Je préférerais mourir !
Et je mourrai ! Se jura Harry, en y mettant toute sa colère, toute sa douleur, toute sa volonté. Avant de perdre Severus, je les combattrai ! Même si je dois devenir un meurtrier et tous les tuer moi-même ! Et si je meurs, qu'il en soit ainsi ! Mais je mourrai avant de le perdre lui aussi !
Harry était conscient des soubresauts qui traversaient sa colonne vertébrale. Il ne savait pas s'ils venaient de la colère, de la peur ou du choc qu'il ressentait.
« Nous y sommes, » L'informa doucement Severus. Sa voix fraîche le sortit du bourbier dans lequel il était en train de sombrer.
Harry hocha légèrement la tête et suivit Severus dans la Salle. Il essaya d'ignorer les fantômes des jours disparus qui flottaient dans son esprit. Les tables n'étaient plus là. Ron et Drago s'étaient disputés en plein milieu de cette pièce. Fred et Georges n'étaient pas en train de jouer une farce à Dean. Vous n'êtes pas réels ! Dit Harry avec colère aux images. Vous êtes partis ! Vous êtes tous partis !
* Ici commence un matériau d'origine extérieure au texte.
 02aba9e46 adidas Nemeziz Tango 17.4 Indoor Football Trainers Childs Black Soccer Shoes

Elles s'effacèrent lentement, s'attardèrent encore un peu, jusqu'à ce que ne demeurent plus que les professeurs rassemblés autour du directeur. Celui-ci était debout, la tête levée, il regardait le plafond magique. Personne ne parlait. Toutes les personnes avaient le visage pâle. Harry et Severus prirent place dans le demi-cercle autour d'Albus et ensemble, ils attendirent l'arrivée des autres. Harry ne savait pas ce qu'ils attendaient ou n'en était pas certain, jusqu'à ce que les portes s'entrouvrent sur Hermione et Drago. Ce n'est que lorsqu'ils se placèrent à côté de Harry et de Severus que le directeur tourna les yeux vers eux.
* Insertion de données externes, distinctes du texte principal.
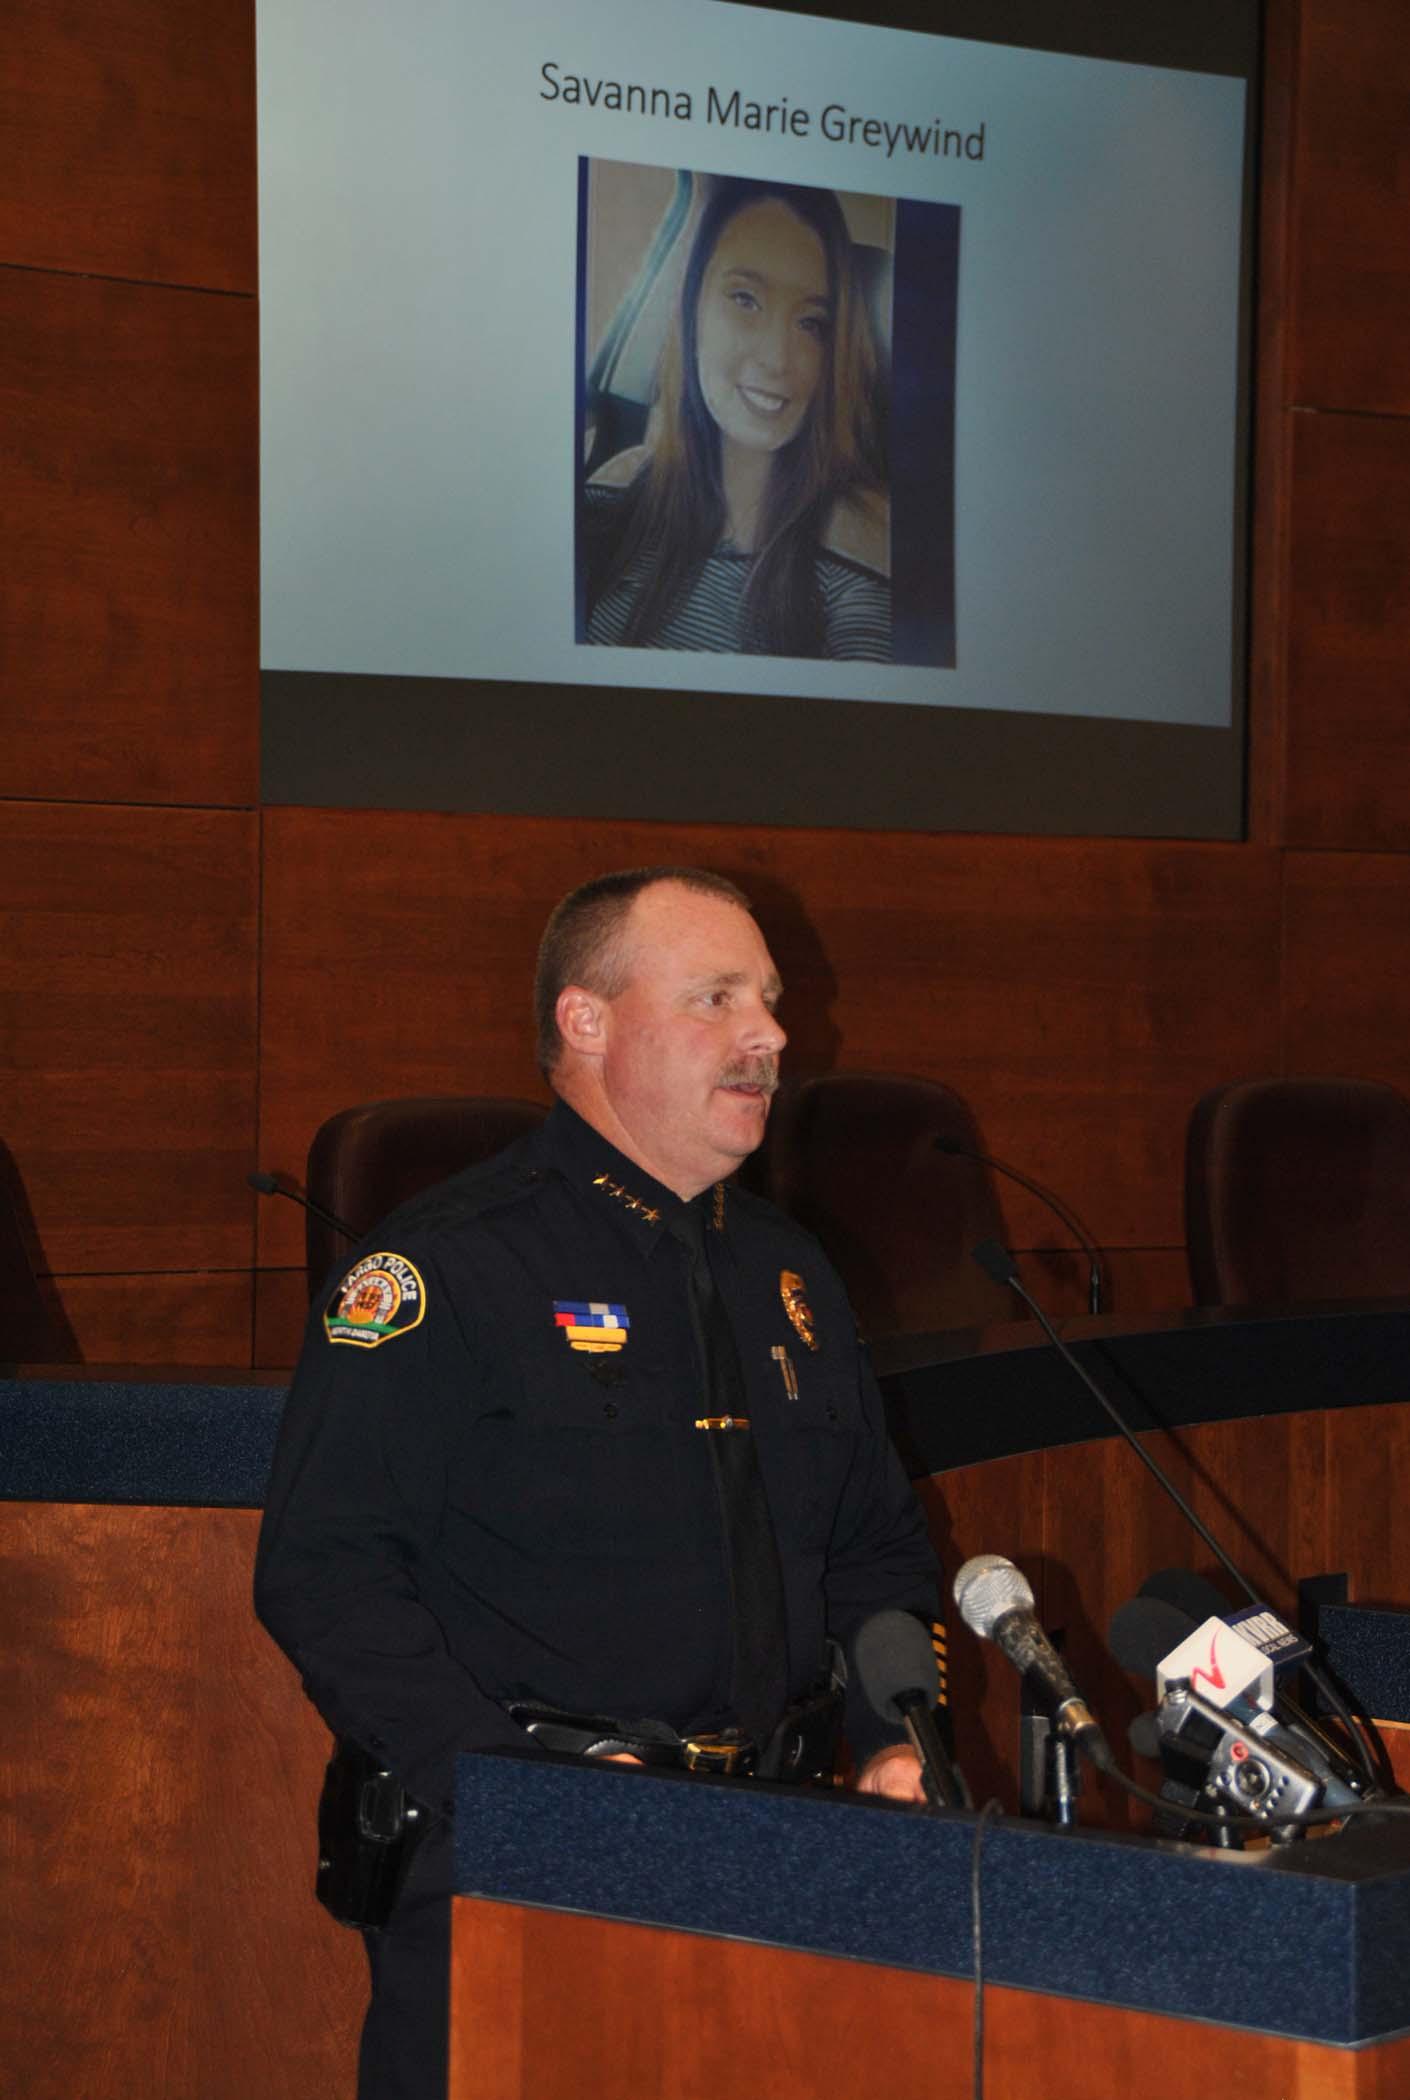 Fargo Police Chief David Todd addresses media Friday - photo by C.S. Hagen

« Je serai bref, » Leur dit-il. « Mes sources m'ont informé que l'armée moldue est en approche, elle sera au château demain matin, peut-être même avant. Ils s'attaqueront au château avant de se diriger vers Pré au Lard. Cependant, il est vital que vous évacuiez le château immédiatement. Et le dernier groupe d'élèves doit être emmené à Pré au Lard dès que possible. J'ai déjà contacté leurs parents et dans quelques heures, ils arriveront à Honeydukes pour mettre leurs enfants en sécurité. Je resterai moi-même derrière, pour occuper l'armée jusqu'à ce que les enfants aient réussi à partir, et pour détruire le château.
« Détruire le château ? » Les paroles étonnées émanaient de la bouche de Harry.
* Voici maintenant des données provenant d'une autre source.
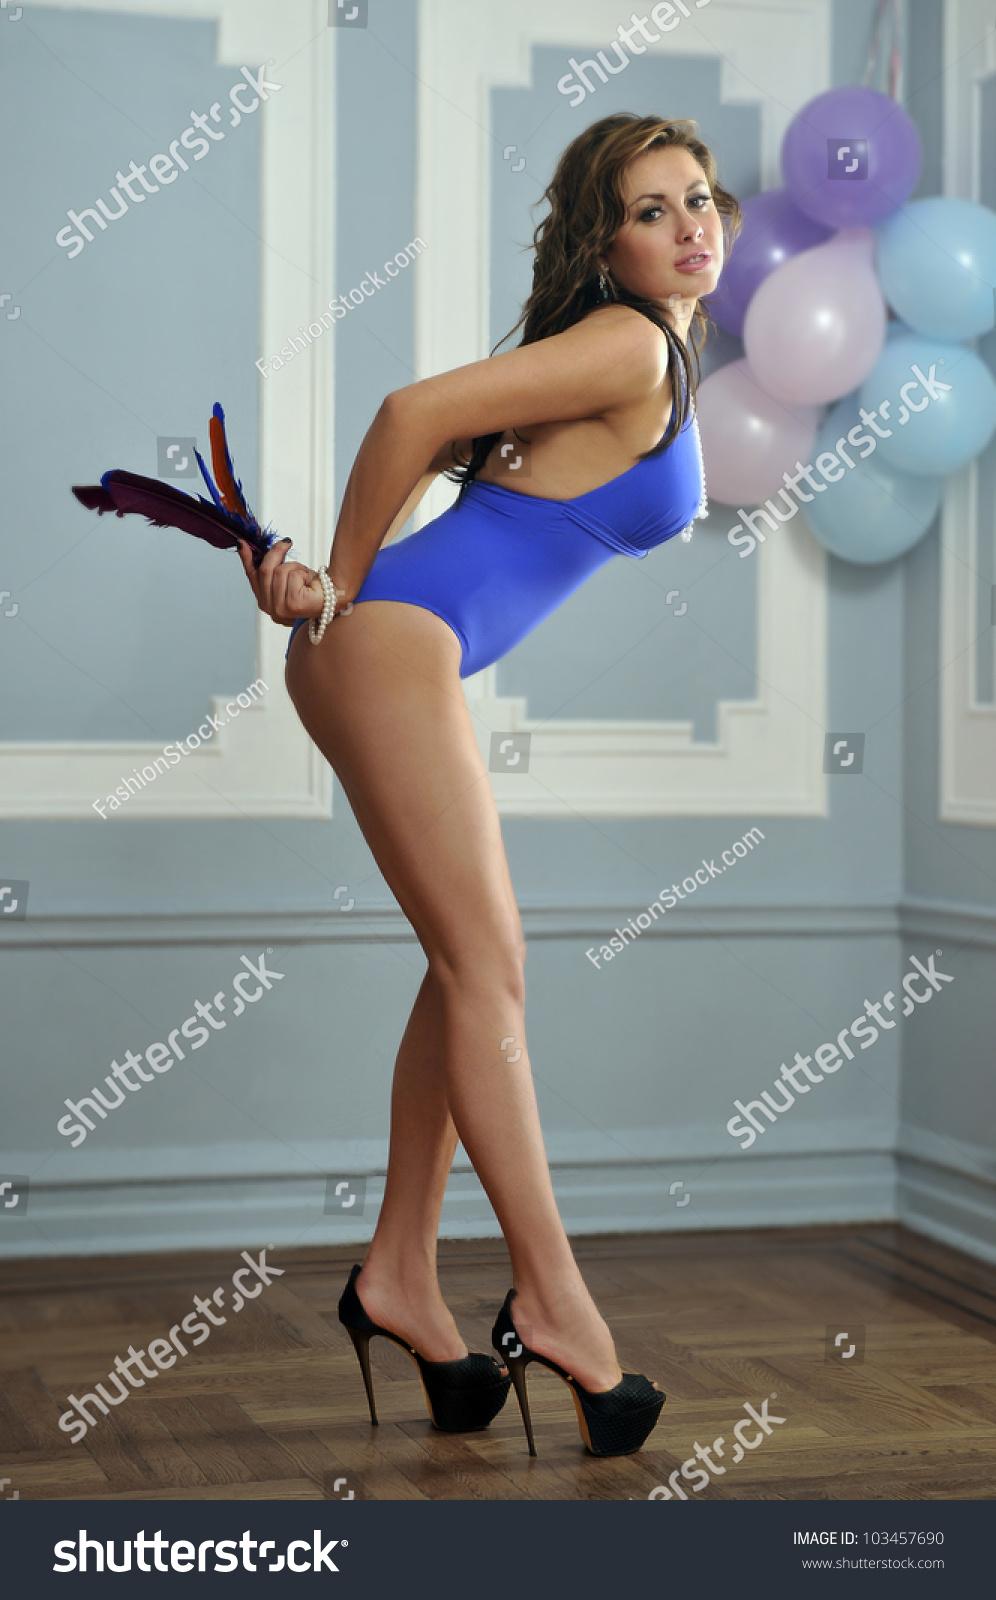 nude girls with softball legs

« Oui, Harry, » Albus acquiesça tristement. « Je ne sais pas comment les moldus ont obtenu leurs informations, mais je ne veux pas que ce château et la connaissance qui s'y trouvent tombent entre leurs mains. »
« Albus ne sera pas seul, » Dit Minerva fermement. « Je resterai moi-aussi derrière. »
« Vous n'pouvez pas faire ça tout seul ! » Protesta Hagrid. « Juste vous deux, hein ? C'est pas assez. Ah, j'restrai derrière aussi. »
« Non, Hagrid. Nous n'espérons pas les vaincre. » Lui dit Albus gentiment. « Nous devons les retenir, leur faire perdre du temps, rien de plus. Nous combattrons en sachant que nous allons mourir, Hagrid. »
« Ah, mais vous n'pouvez quand même pas v'battre tout seul, » Poursuivit Hagrid. Il n'était pas découragé par les paroles du directeur comme l'était le reste du personnel qui était en état de choc. « Et j'ai pas peur d'mourir. C'est ma maison, Professeur Dumbledore. Où irais-je si j'pars ? »
« Si vous partez, vous avez une chance de survivre. » Lui signala Albus.
« Pour être tuer dans queques jours ? » Le contra Hagrid. « Nous allons tous mourir, Professeur. Peut-être que certains mourront plus tôt que d'autres, mais la fin est la même. J'préfére mourir pour ma m'son que d'me cacher dans une cave. C'est mon choix, professeur. Et j'ai choisi d'mourir ici avec vous et l'professeur MacGonagall. »
« Il n'y a pas d'autre résultat possible, Albus ? » Lui demanda Flitwick quand le silence retomba après la déclaration d'Albus.
« Non, Filius. Tout ceux qui resteront derrière mourront. »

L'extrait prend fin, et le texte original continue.